Was hast du eigentlich gegen Ferien  ? 

Zählt Wochenende auch schon als Ferien  ? ^^


----------



## Mahoy (27. Juni 2020)

In der Bank nimmt man schon immer den Motorradhelm ab. Im Supermarkt setzt man neuerdings eine Maske auf. Das Problem liegt wo?


----------



## Kuhprah (27. Juni 2020)

Darin, dass man nicht versehentlich mit der Maske Motorrad fährt und mit dem Helm einkaufen geht...


----------



## DKK007 (28. Juni 2020)

SativaBongharzia schrieb:


> Und nun?
> Corona arbeitet ja auch nur von Montag bis Freitag und hat schon um 15 Uhr Feierabend.
> Ob es dir egal ist ist mir egal.
> Kommt wer in meinen Laden ohne Mundschutz wird auf die Regeln hingewiesen und fertig. Will er sich nicht dran halten kann er gerne andere Läden besuchen.
> ...



Dem ist nichts hinzuzufügen. 

Da der "Gefällt mir" fehlt einfach mal so.


----------



## The_Freak (28. Juni 2020)

Was mich richtig nervt an Corona: 
Kaum ein Online Händler bietet mehr Lieferung bis an den Aufstellort. 
Ich würde gerne einen neuen Kühlschrank bestellen, aber egal wo - Alternate, Amazon, Otto ... überall nur bis Boardsteinkante dank Corona.

Und wer schleppt mir jetzt den 140 kg Kühlschrank in die erste Etage???

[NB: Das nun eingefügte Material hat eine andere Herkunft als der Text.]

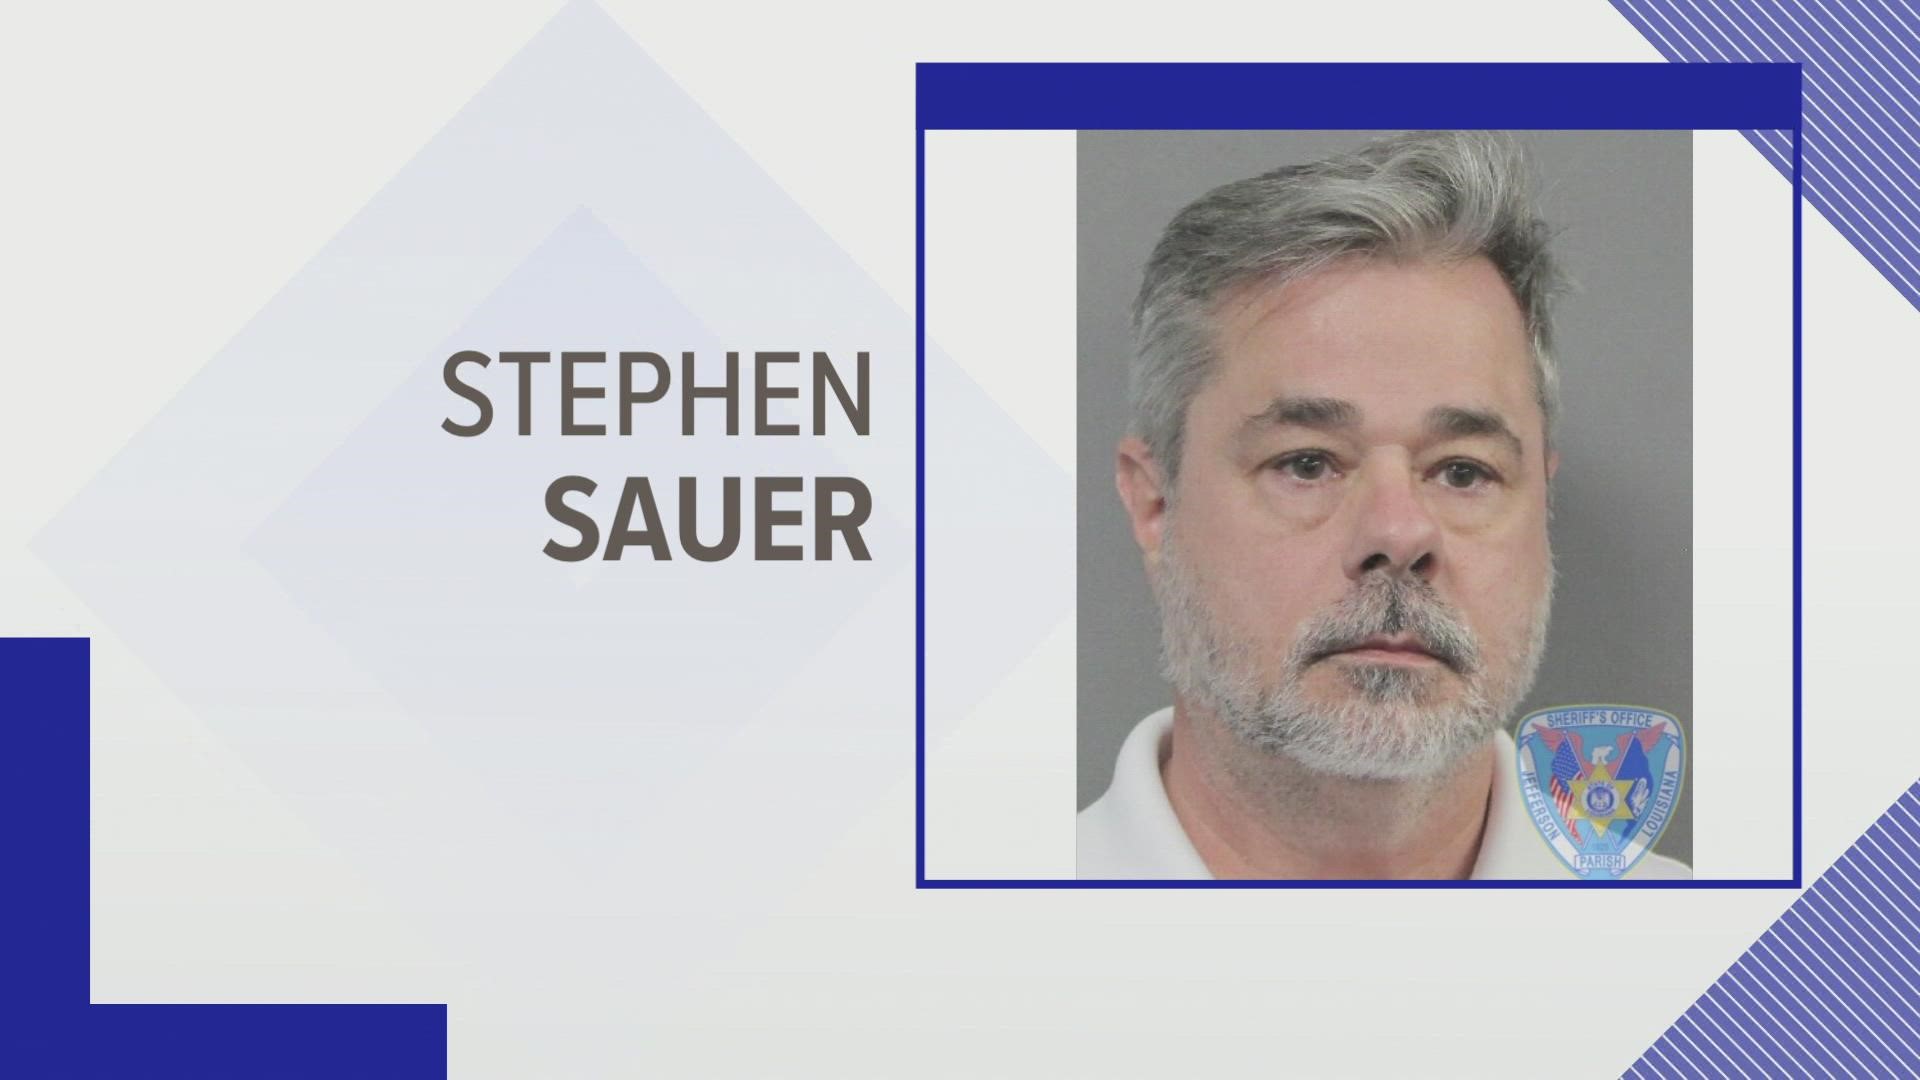 Former head of group that aids mentally disabled arrested on video voyeurism, sex battery counts wwltv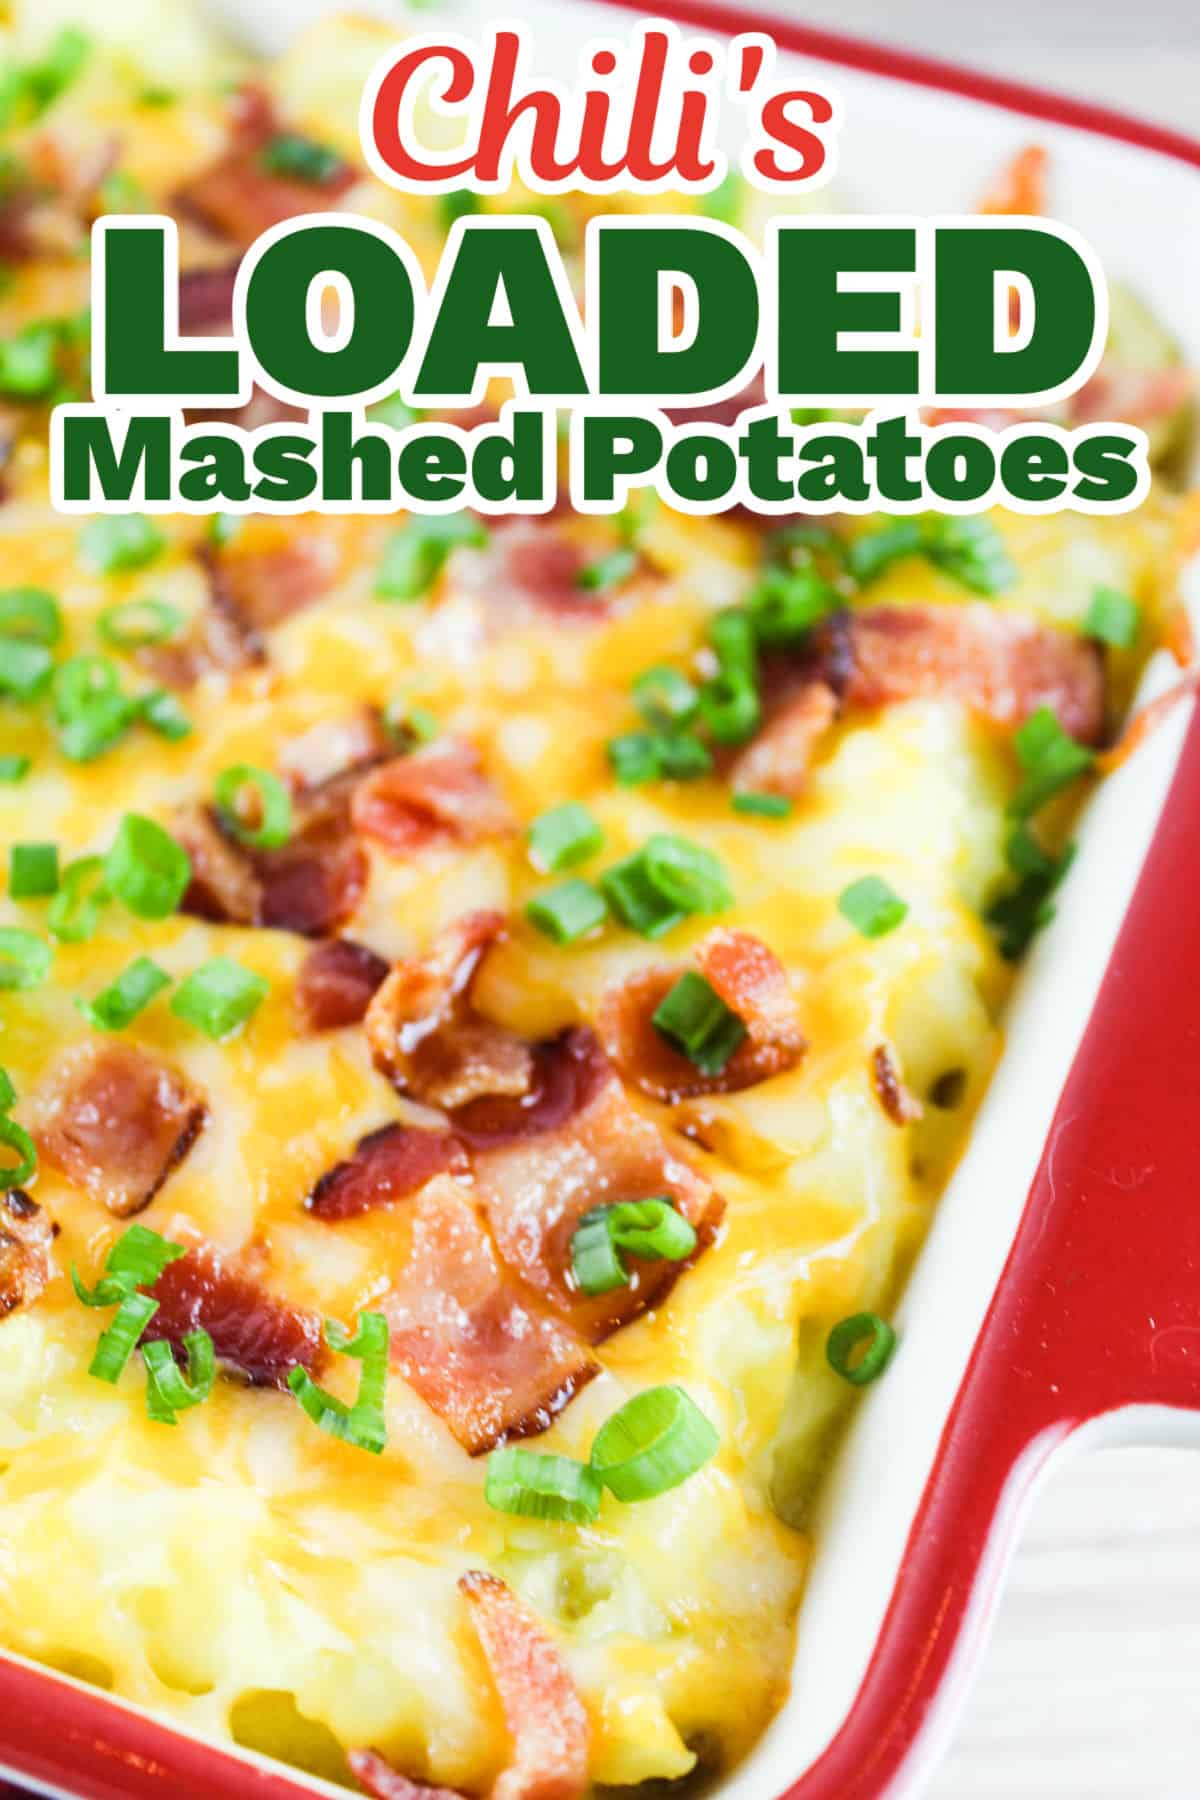 Chili's Loaded Mashed Potatoes are simple to make and bring the cheesy goodness into your home! Delicious, slightly buttery mashed potatoes are the perfect side dish and topped with melted cheese, diced meaty bacon and crunchy bits of scallions.  via @foodhussy

Die Masken sind nur nervig, weil ich die immer unabsichtlich vergesse mitzunehmen. Das tragen bereitet ist mit dem richtigen Mindset ein leichtes und keine Belastung. 
Besser als wenn man unter der Erde wohnen müsste a la twelve monkeys.


----------



## Bauschaum7 (28. Juni 2020)

The_Freak schrieb:


> Was mich richtig nervt an Corona:
> Kaum ein Online Händler bietet mehr Lieferung bis an den Aufstellort.
> Ich würde gerne einen neuen Kühlschrank bestellen, aber egal wo - Alternate, Amazon, Otto ... überall nur bis Boardsteinkante dank Corona.
> 
> ...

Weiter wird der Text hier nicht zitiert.